Прежде чем вернуться в избу, я бесстыдно завернула подол, пропорола сорочицу подобранным обломком и отодрала от неё четыре полосы. Одежку, конечно, напрочь испортила, она у меня теперь походила не на исподнее, а на ночную душегрею бабки Мироны. Зато было чем перевязать руки послу.

То, что открылось у господина Лютека под повязками, я до самой смерти не забуду. Какой там семицвет с трясицей – поздно, вместо пальцев одни пеньки кровавые остались. У меня инда слезы наворачивались, пока я те изувеченные руки обкладывала перетертым в жмени живолистом и перевязывала.

Желание мое – уберечь от беды всех, и себя с Аранией, и норвинов – теперь гляделось по-другому. Может, и не стоило норвинов-то уберегать? Вон ведь что сотворили с живым человеком.

Лютек Калесци плакал, пока я трудилась над его руками.

Называл меня пресветлой госпожой и умолял отпустить, даже про детей рассказывал. Я затянула последний узел на повязках, выпрямилась. Украдкой утерла слезу. Да только плачь не плачь, а варесец сам беду на себя накликал, поехав к Парафене. Не брал бы у цорсельца кошеля, не ехал в Неверовку – сидел бы сейчас дома, без денег, зато в добром здравии.

Плакал господин иноземный посол так жалостливо, что у меня прямо руки чесались отвязать его от скамьи. И отправить домой. Жалко было увечного, болящего. Приходилось все время напоминать себе, что королевича, к примеру, никто не пожалел.

Как и отца моего, и Парафену с Морисланой. Сколько уж людей загублено, а теперь охотятся за последним выжившим королевичем. И Лютек на той охоте вместе с цорсельцами бежит, в их своре. Вот пусть Ерша, а через него и сам король, на посла глянут, его дело рассудят. А коли захотят, так и домой отправят.

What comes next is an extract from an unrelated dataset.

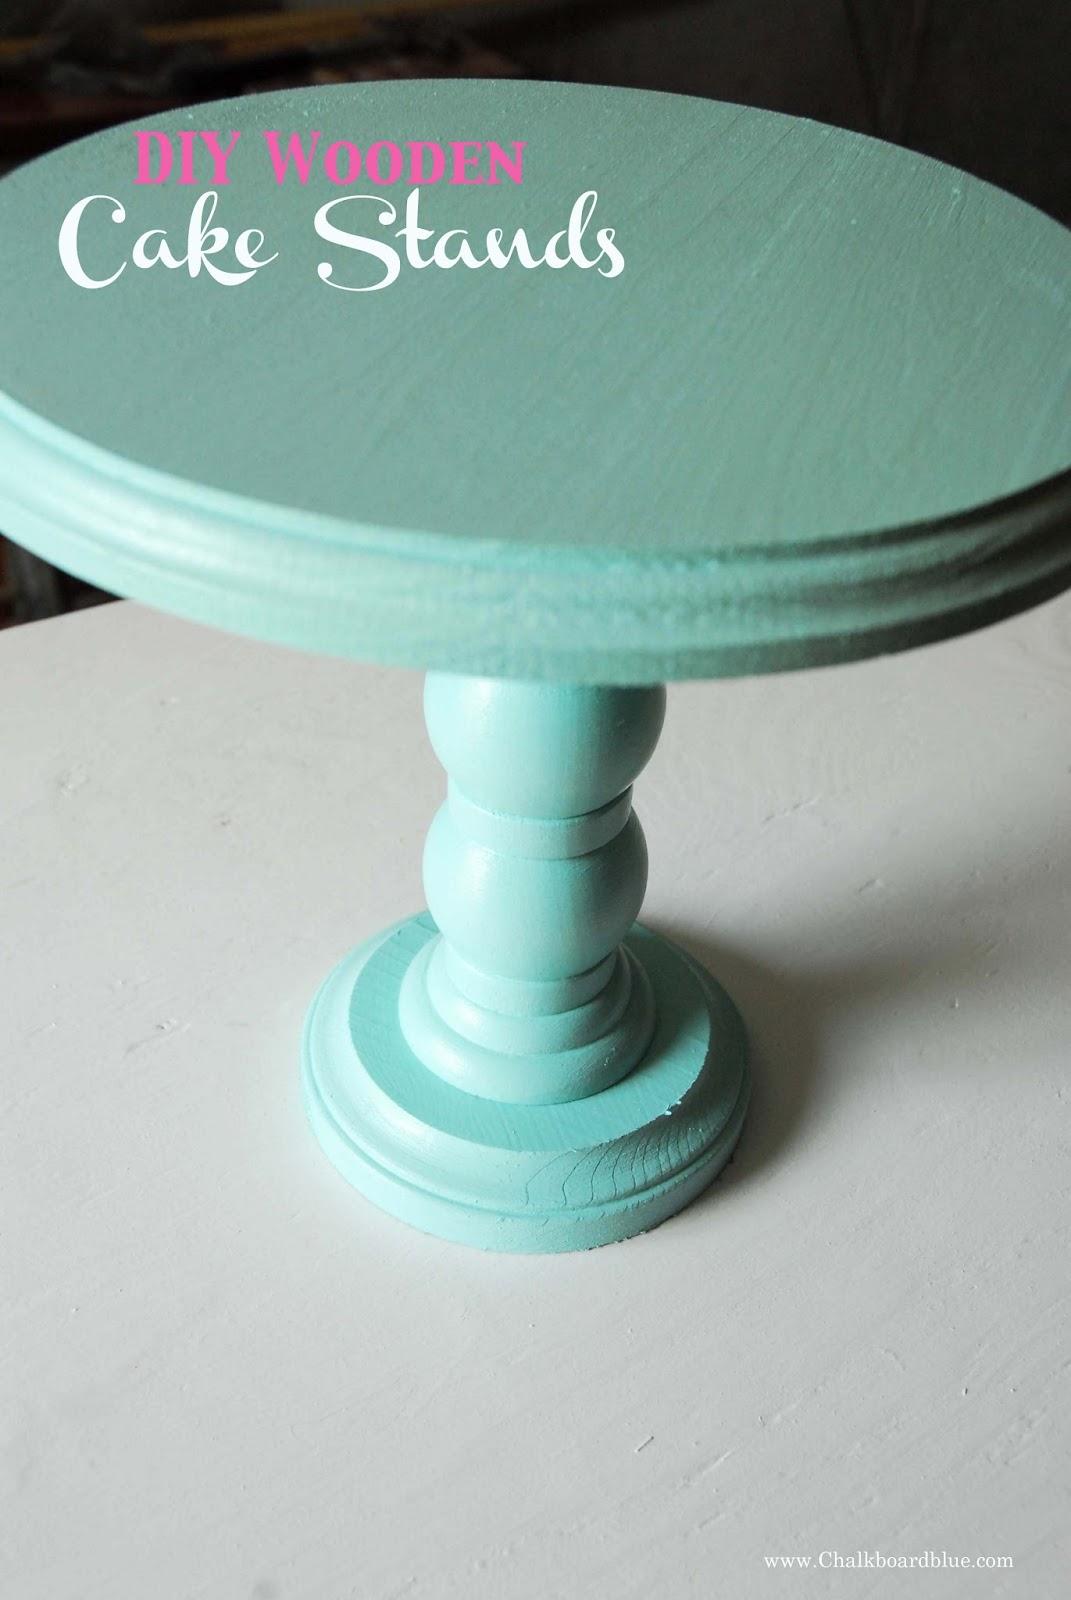 Diy Wooden Stands ~ Chalkboard blue diy wooden cake stands

Я вздохнула. Попросту пожалеть было бы не в пример легче и проще. Однако как по-бабьи жалеть там, где чужое дите замешано? Поэтому я отвернулась, проморгалась, глаза насухо утерла рукавом. И спросила с показной строгостью:

– Скажи-ка мне, господин посол – неужто норвины не спрашивали, зачем ты ездил к Парафене?

– Спра-ашивали, пресветлая гос-спожа. Я им сказал то же самое, про травницу. Мол, подвел её к бабе и ушел.

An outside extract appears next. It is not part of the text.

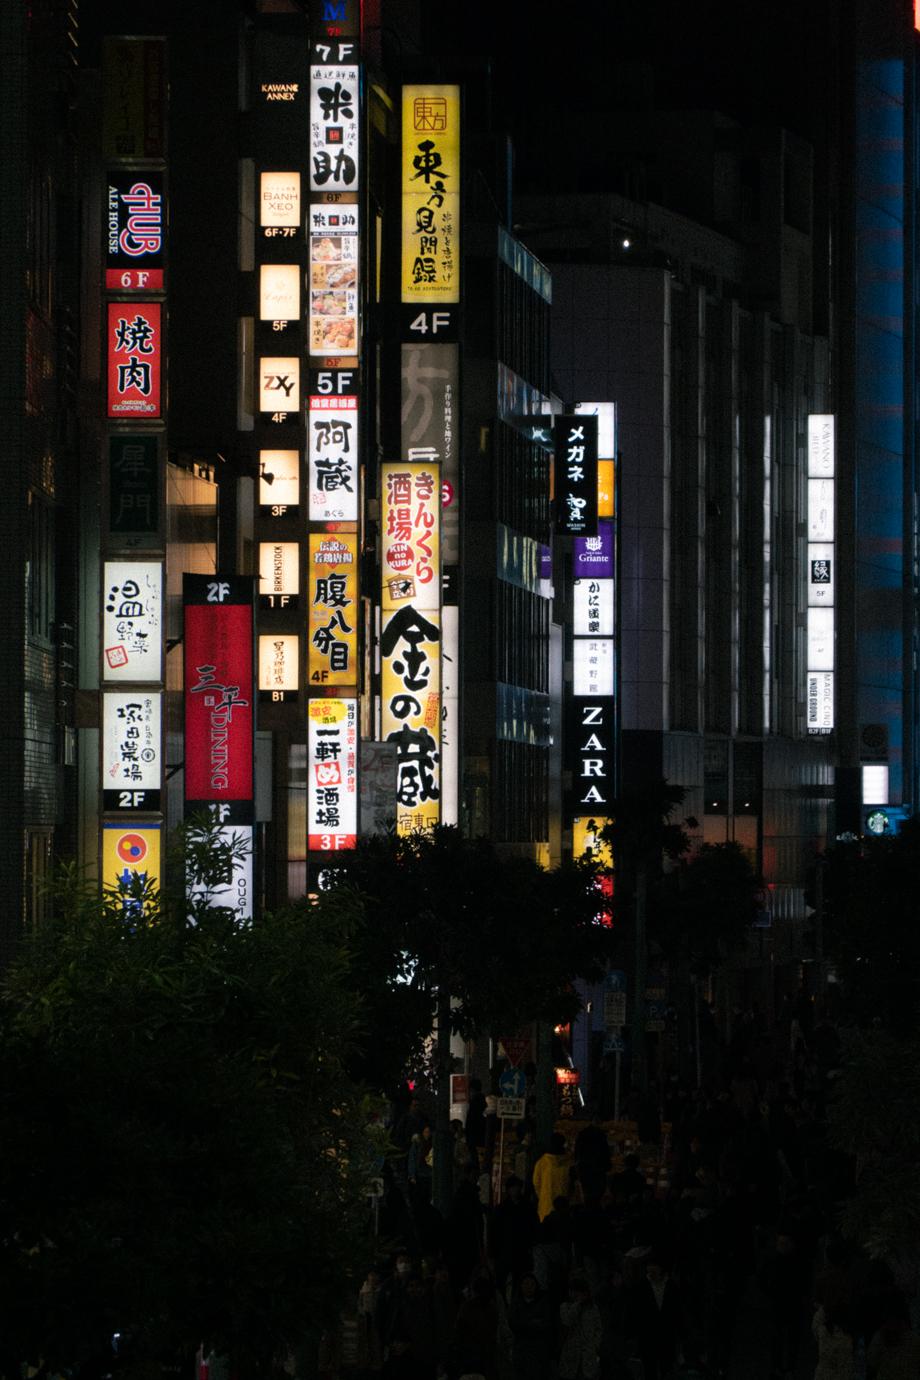 新宿にあるたくさんの看板

– И они поверили? – Ещё строже прежнего спросила я.

Господин Лютек кивнул.

– Что ж ты всей правды им не сказал? Вдруг поверили бы, мучить перестали?

Вареский посол блеснул голубыми глазами, тонущими в слезах.

– Двуединый Фрорис и два его лика. госпожа, норвины желали только признания в смерти Морисланы. Скажи я правду, они все равно продолжили бы, все из-за той проклятой норвинки, да отправит Фрорис её душу прямиком.

– Ты язык-то не распускай! О тетке моей говоришь. – Оборвала я его.

И сама на себя озлилась. Какой спрос с болезного? Правда, заплаканные глаза иноземца на мгновение глянули ненавидяще, вроде как даже просохли от слез. Может, померещилось. А может, и нет – от боли люди добрей не становятся, только обиду и злобу таить начинают.

Я сморщилась, потерла увечную руку, заляпанную чужой кровью и размятой зеленью. Попить бы. с утра во рту ничего не было, губы пересохли. Да и варесца следовало напоить. По-хорошему, ещё и накормить бы, однако где тут возьмешь еду?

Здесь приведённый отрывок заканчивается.